In an alternate universe there exists a language named Clojure that makes programming complex things enjoyable and fun.  It has a very strong functional background and lots of great libraries and some intelligent users.  Here it enjoys the popularity it deserves and has all the great things written for you.


In this universe, we can do basic statistical analysis and we can easily write extensions to the system we are working with in the language we like, they run instantly and create joy.  Let's take a short walk through that universe.

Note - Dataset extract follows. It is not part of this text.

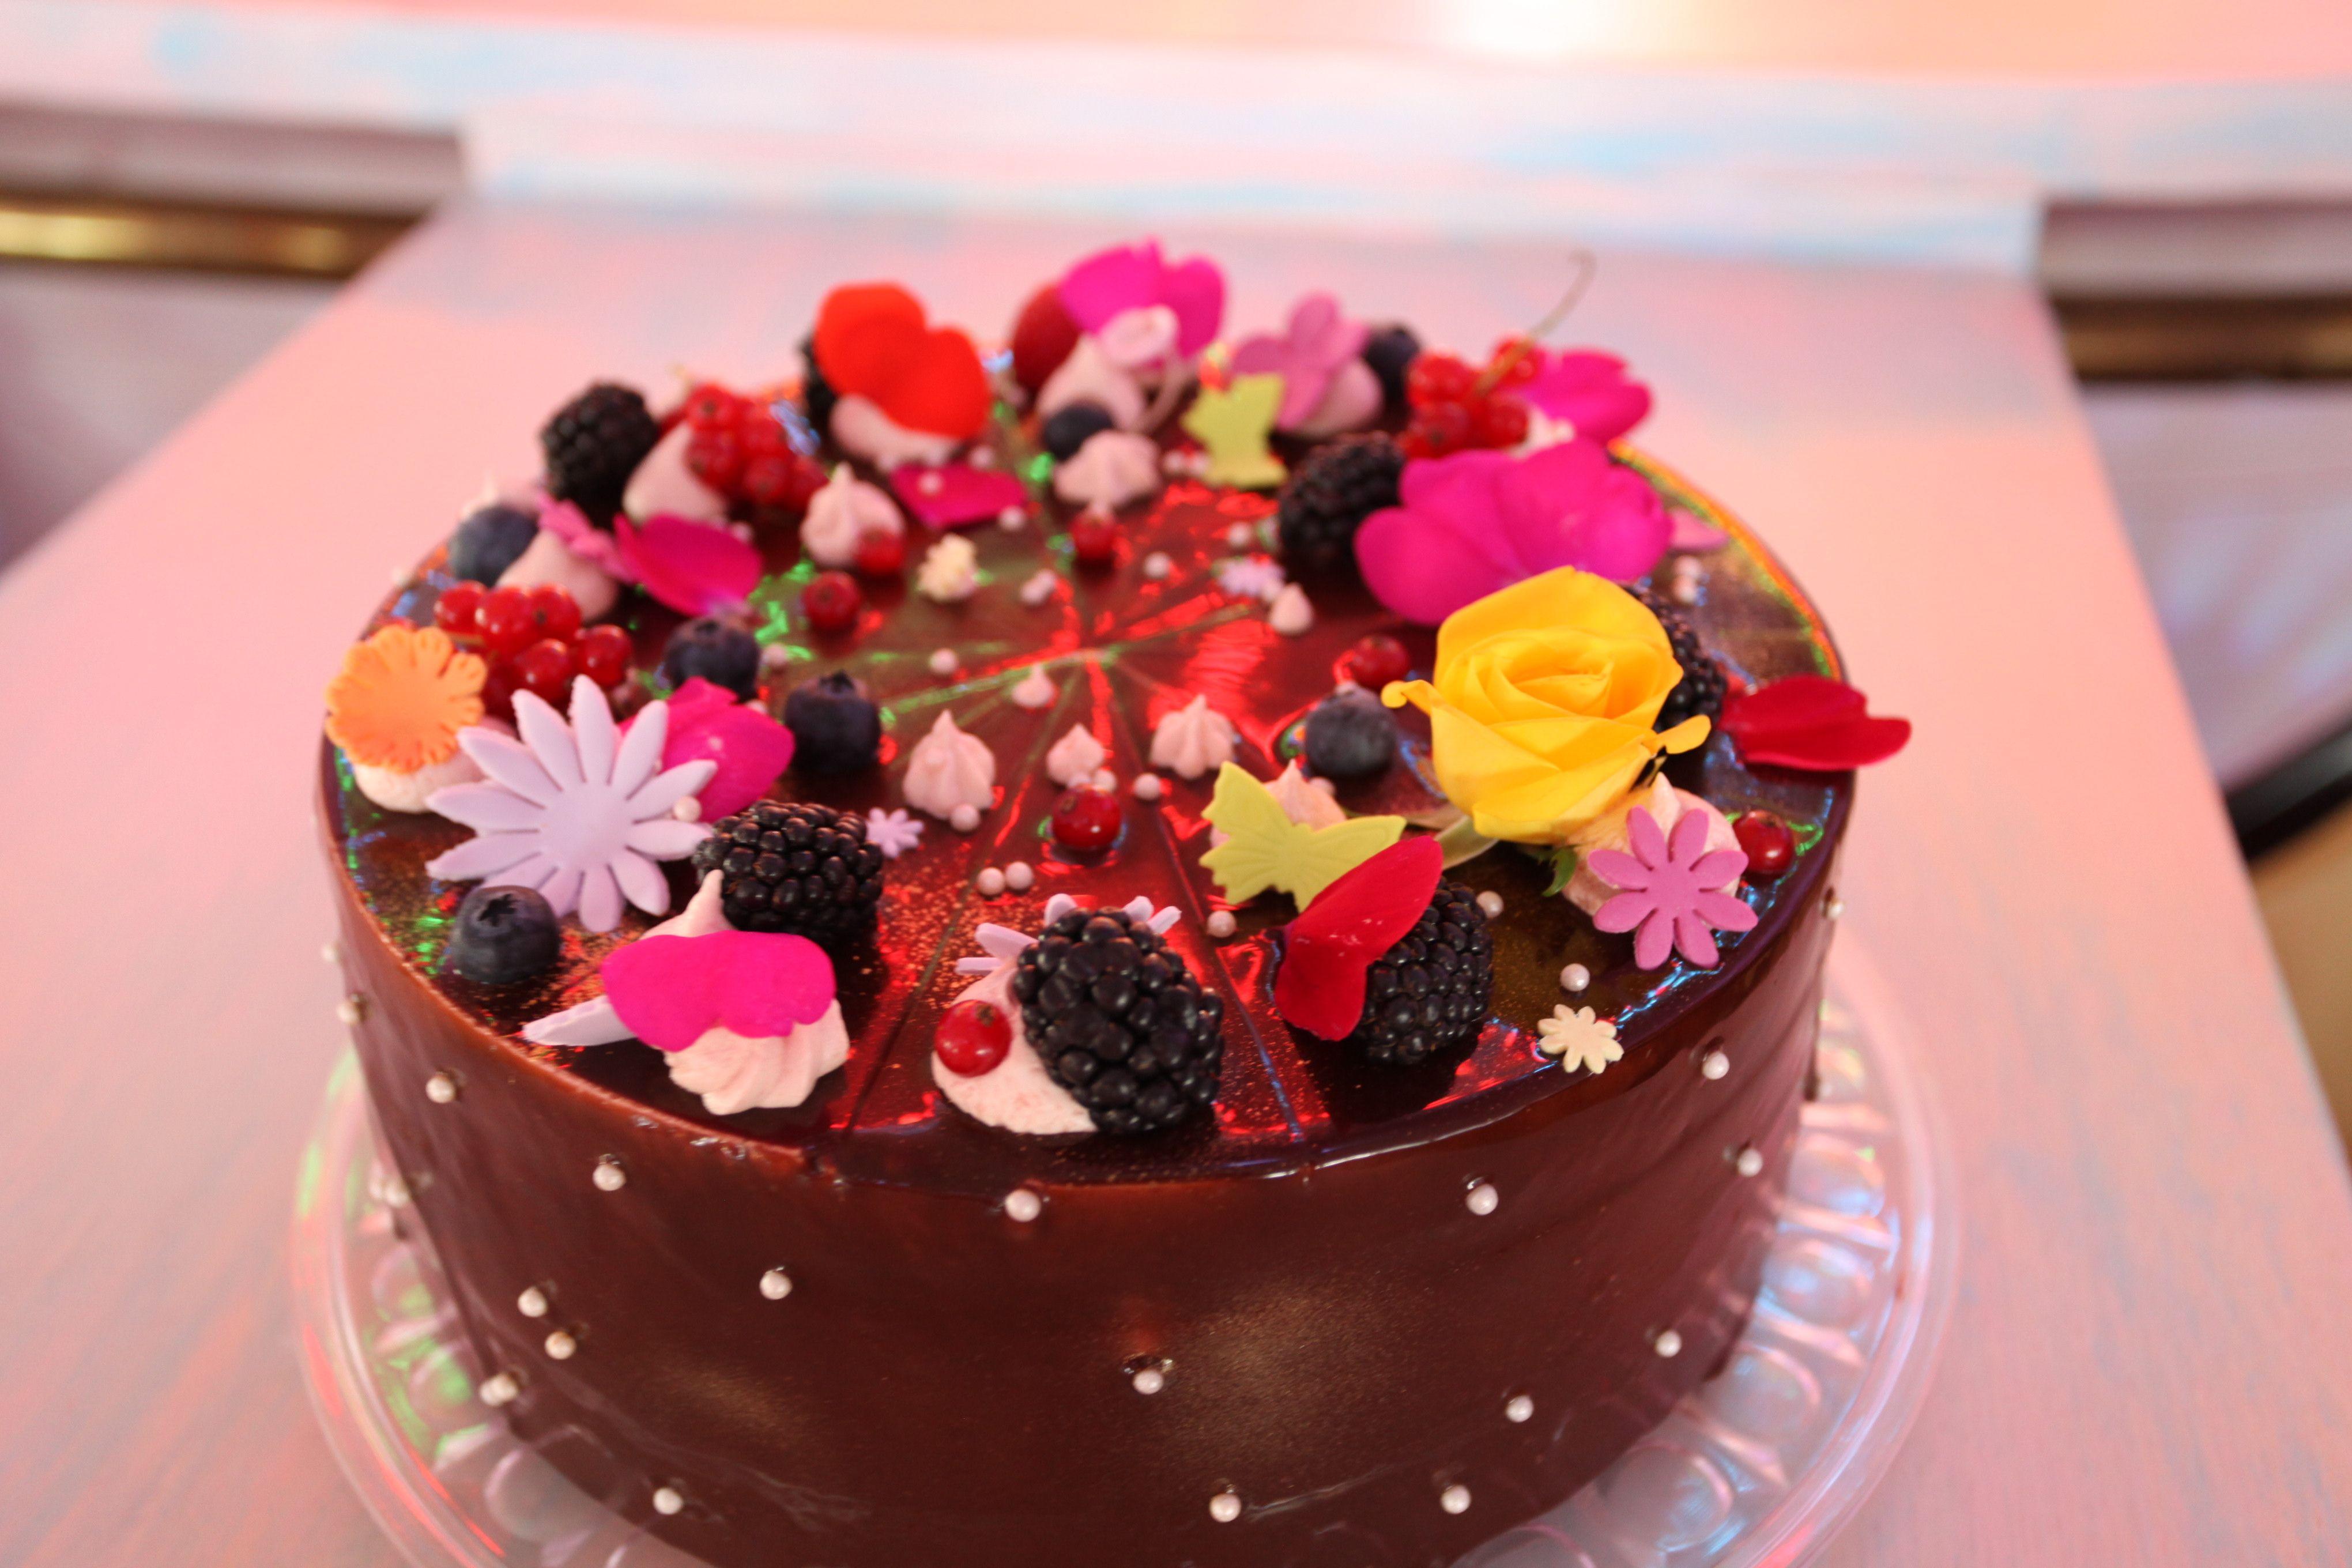 Zucker Suesse Torten Kuchen Und Cupcakes Dazu Noch Ein Klitzer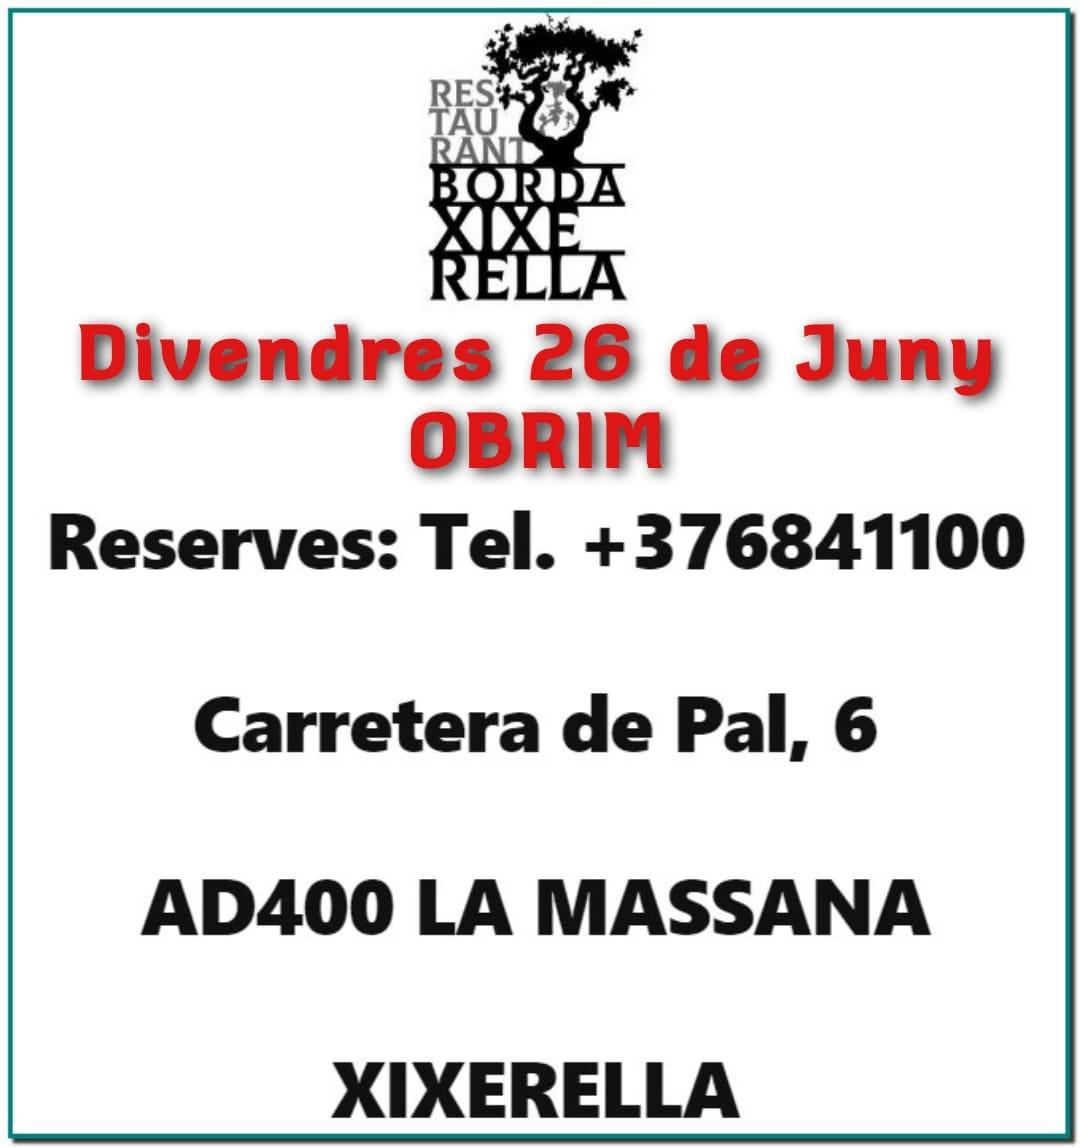 Aquest divendres dia 26 de Juny obrim de nou ja podeu reservar a la Borda Xixerella

## A Short Digression: LISP

Clojure is an implementation of a dialect of languages named LISP.  This version of LISP runs on the jvm.  Being a LISP means that it is homoiconic, or that programs in clojure are expressed in the datastructures of clojure.  Many great minds have worked to design this modern LISP and it has an extremely well though out foundation.   

LISP as a language was designed by John McCarthy in 1955.  You can find some interesting information about it [here](http://www.paulgraham.com/rootsoflisp.html).  It was the first language with garbage collection and also was the first high level language assuming you do not believe that fortran is a high level language.

Let's take a second and familiarize with things here.

In [None]:
;; The language is described using its datastructures...

;; This is a list:

(list 1 2 3)

In [None]:
;; This is also a list

'(1 2 3)

In [None]:
;; Lists can be executed.  If the reader finds a list that isn't 'escaped'
;; it will ask the compiler to output code to execute the expression.

(+ 1 2 3)

In [None]:
;; Vectors in clojure are functional datastructures
;; that have very good random access semantics.

[1 2 3 4]

In [None]:
;; They can work like functions

([4 1 3 2] 0)

In [None]:
;; Keywords are global constants, like names and they start with a ':'

:one

In [None]:
;; Maps (functional equivalent of a python dictionary) are curly braced:

{:a 1 :b 2}

In [None]:
;; You can find things in maps in lots of ways, but maps with keyword keys are
;; more special than other maps.

;; Retrieving the value stored under key "one"
(println (get {"one" 1 "two" 2} "one"))

;; Retrieving the value stored under the keyword key :one, we can use the
;; function syntax.
(:one {:one "hi" :two "bye"})

In [None]:
;; If you add something to a vector or a map, you get a new map that 
;; shares structure with the previous item.  This means the previous 
;; item is unchanged

(def first-list [1 2 3 4])

(println (conj first-list 5))
(println (assoc first-list 0 6))
first-list

#### And Off We Go!

In the interests of time, we have to move on.  I hope you liked our small intro and that it allows the next section to be perhaps less mysterious

## We Get The Things

In clojure, the dependencies are expressed by the program and not as much by the environment.  So this means that you don't install things to your environment to run them.  Instead, you include the dependency in your project. 

In [None]:
;;Grab the big things we will be using.
(require '[clojupyter.misc.helper :as helper])
;;these are order dependent because oz indirectly includes jna 3.2.2 and 
;; tech.jna requires jna 5.0.0
(helper/add-dependencies '[techascent/tech.ml "0.27"])
(helper/add-dependencies '[metasoarous/oz "1.6.0-alpha2"])
(helper/add-dependencies '[cnuernber/garmin-fit-clj "0.1"])
(require '[cemerick.pomegranate :as pg])

;;We need the fit jar to make this all work.
(pg/add-classpath "resources/fit.jar")

;;You didn't want to see that output anyway, trust me...
:ok

In [None]:
;; I wrote a library for you guys!!
(require '[cnuernber.garmin-fit :as fit])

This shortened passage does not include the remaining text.